Work item: Would you write out the listing verbatim and skip every picture in it?

Material provided:
========================

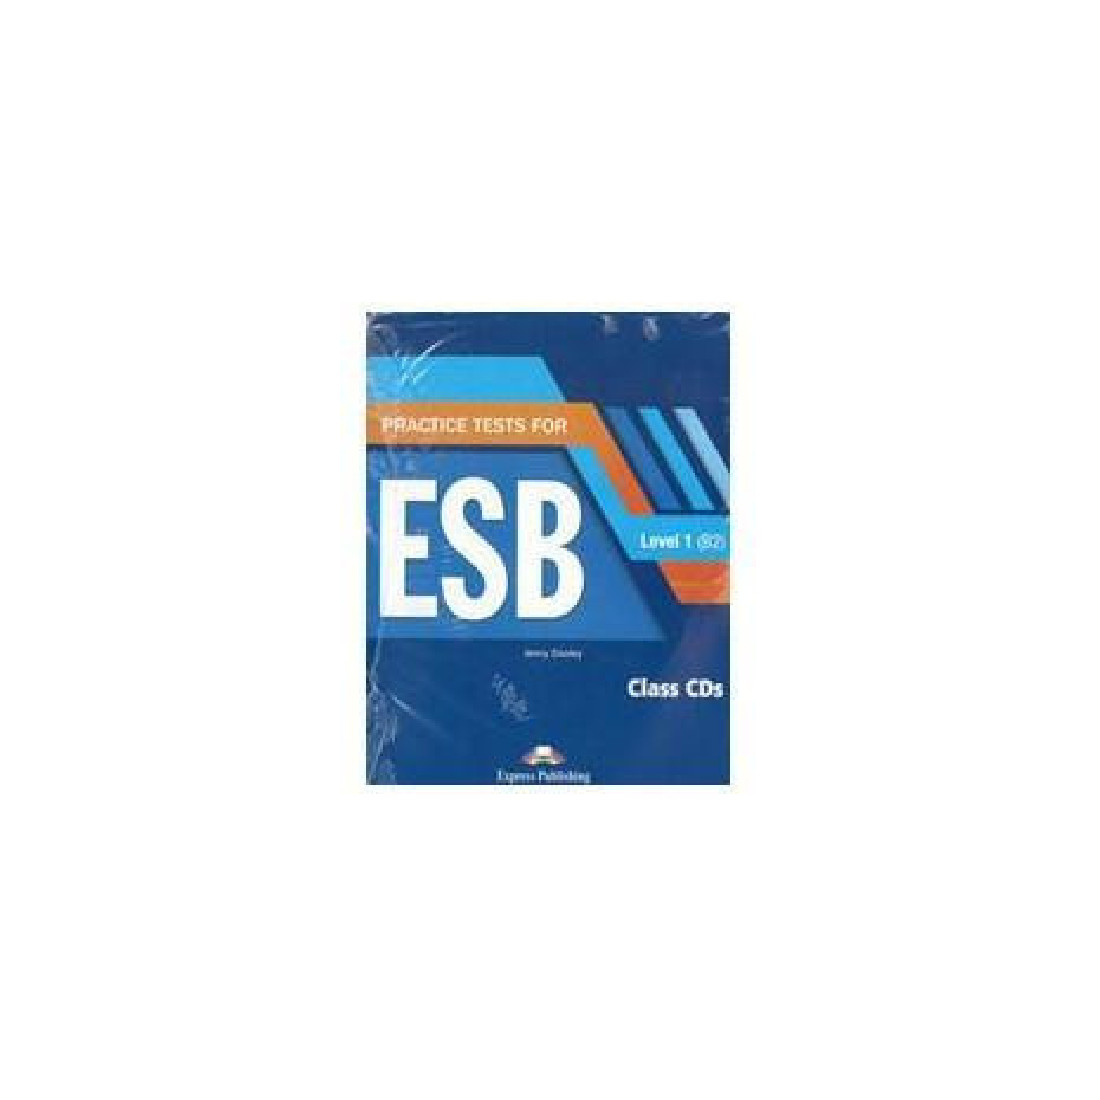 YORK PRACTICE TEST FOR ESB B2 CD CLASS
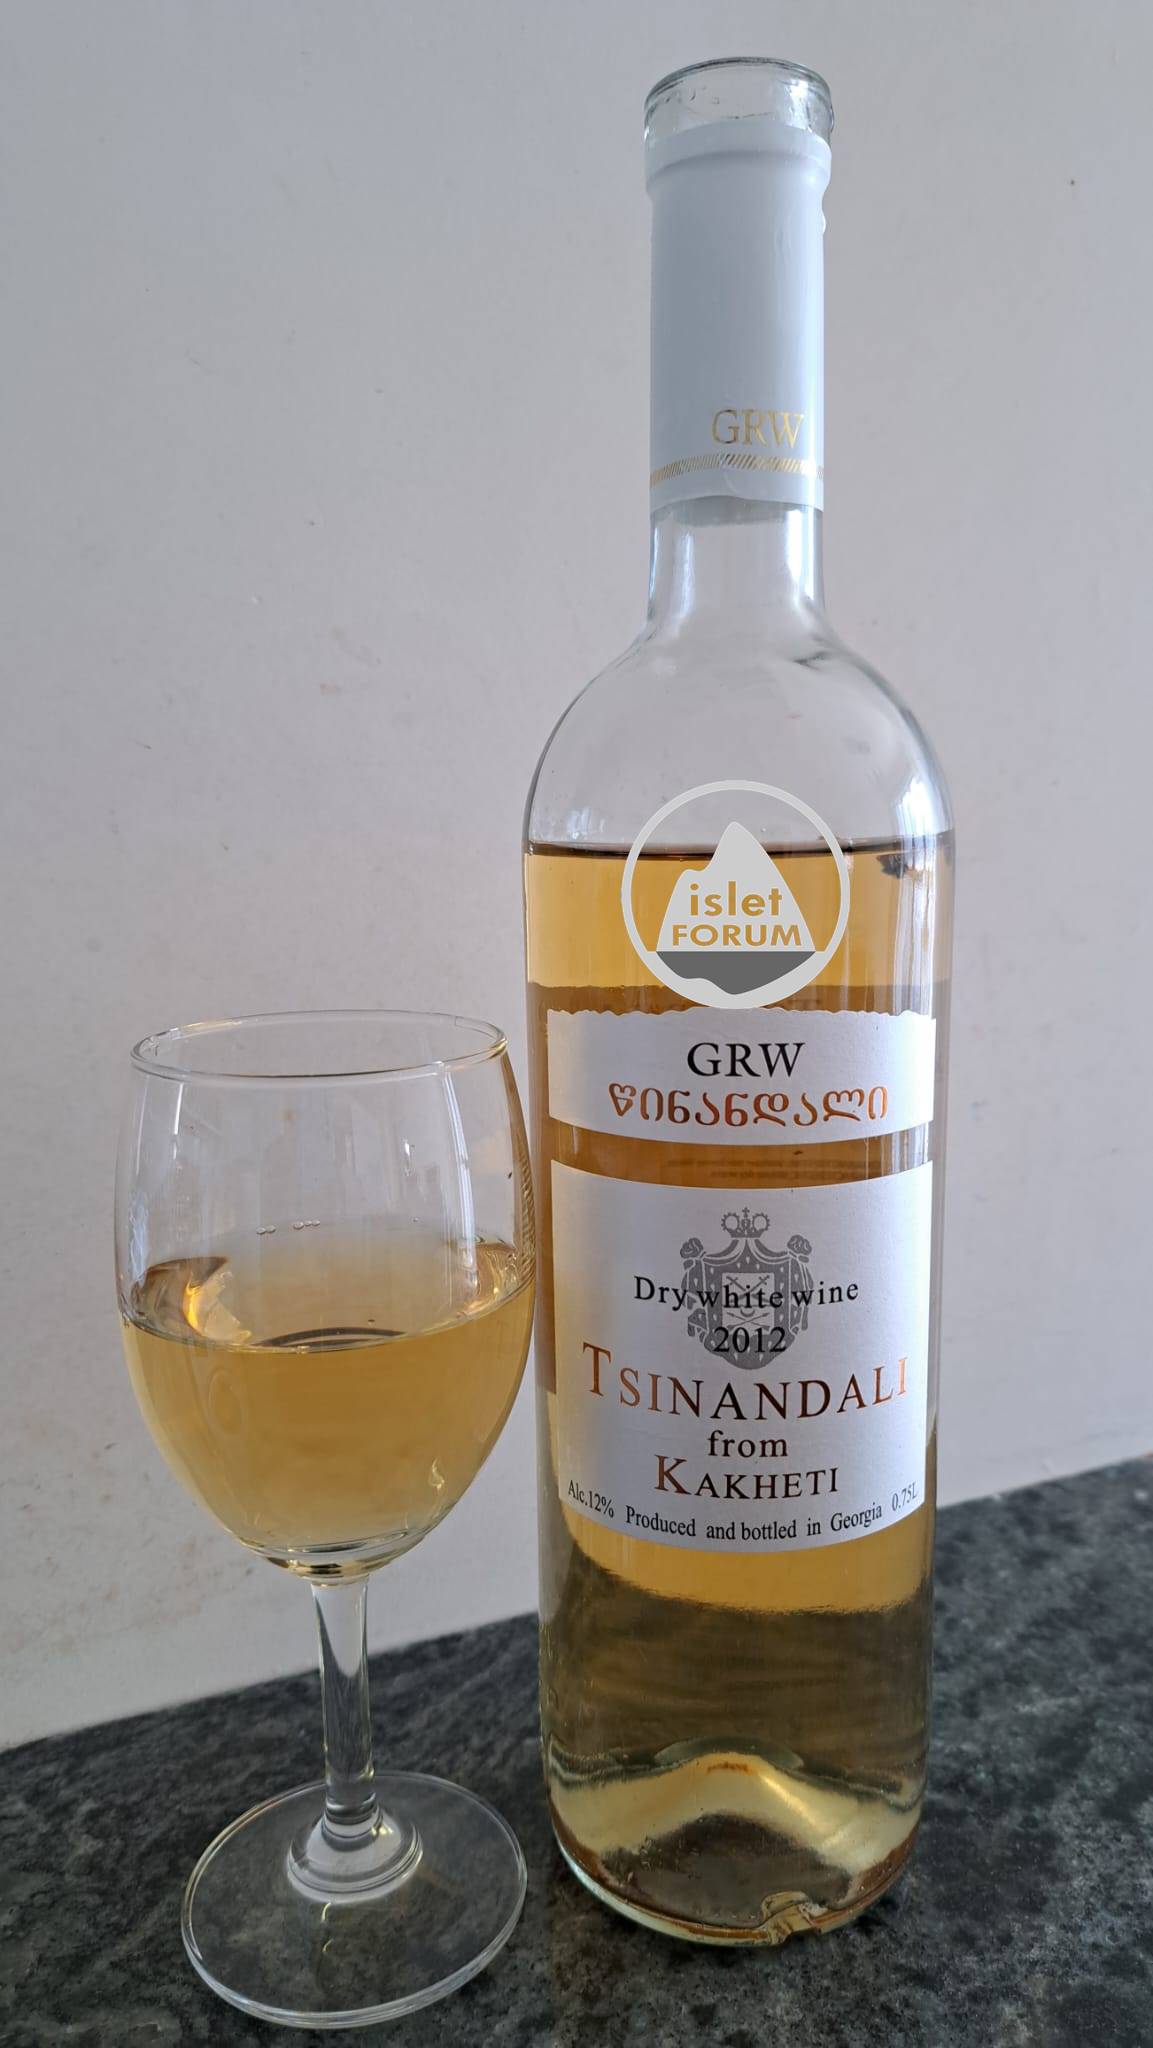 GRW Dry white wine 2012 Tsinandali from Kakheti, 格魯吉亞白葡萄酒，isletforum，.jpeg
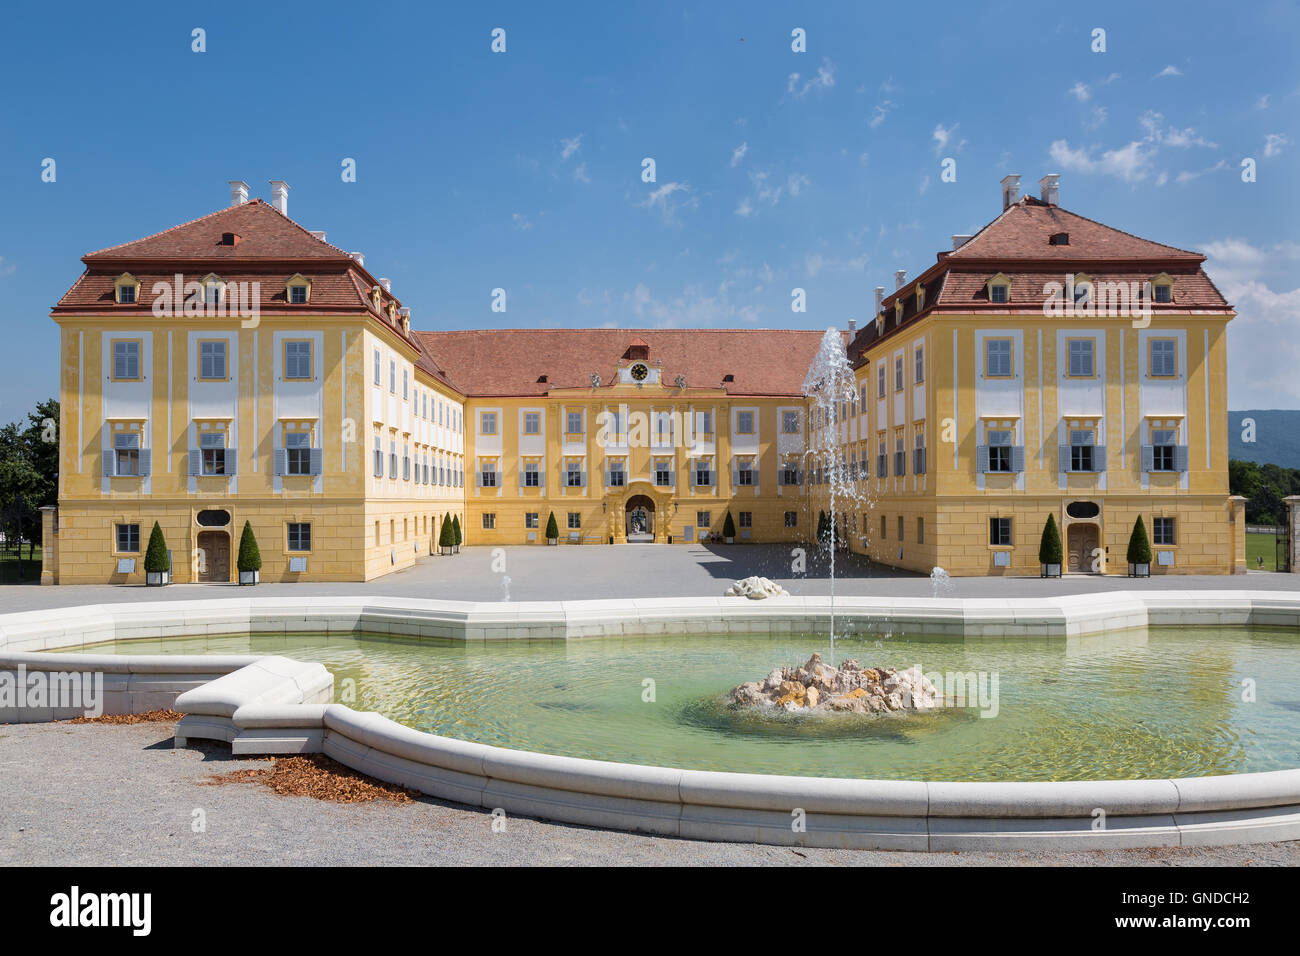 The rear of the castle Schloss Hof in Lower Austria Stock Photo

========================

Task response:
 YORK PRACTICE TEST FOR ESB B2 CD CLASS
 GRW Dry white wine 2012 Tsinandali from Kakheti, 格魯吉亞白葡萄酒，isletforum，.jpeg
 The rear of the castle Schloss Hof in Lower Austria Stock Photo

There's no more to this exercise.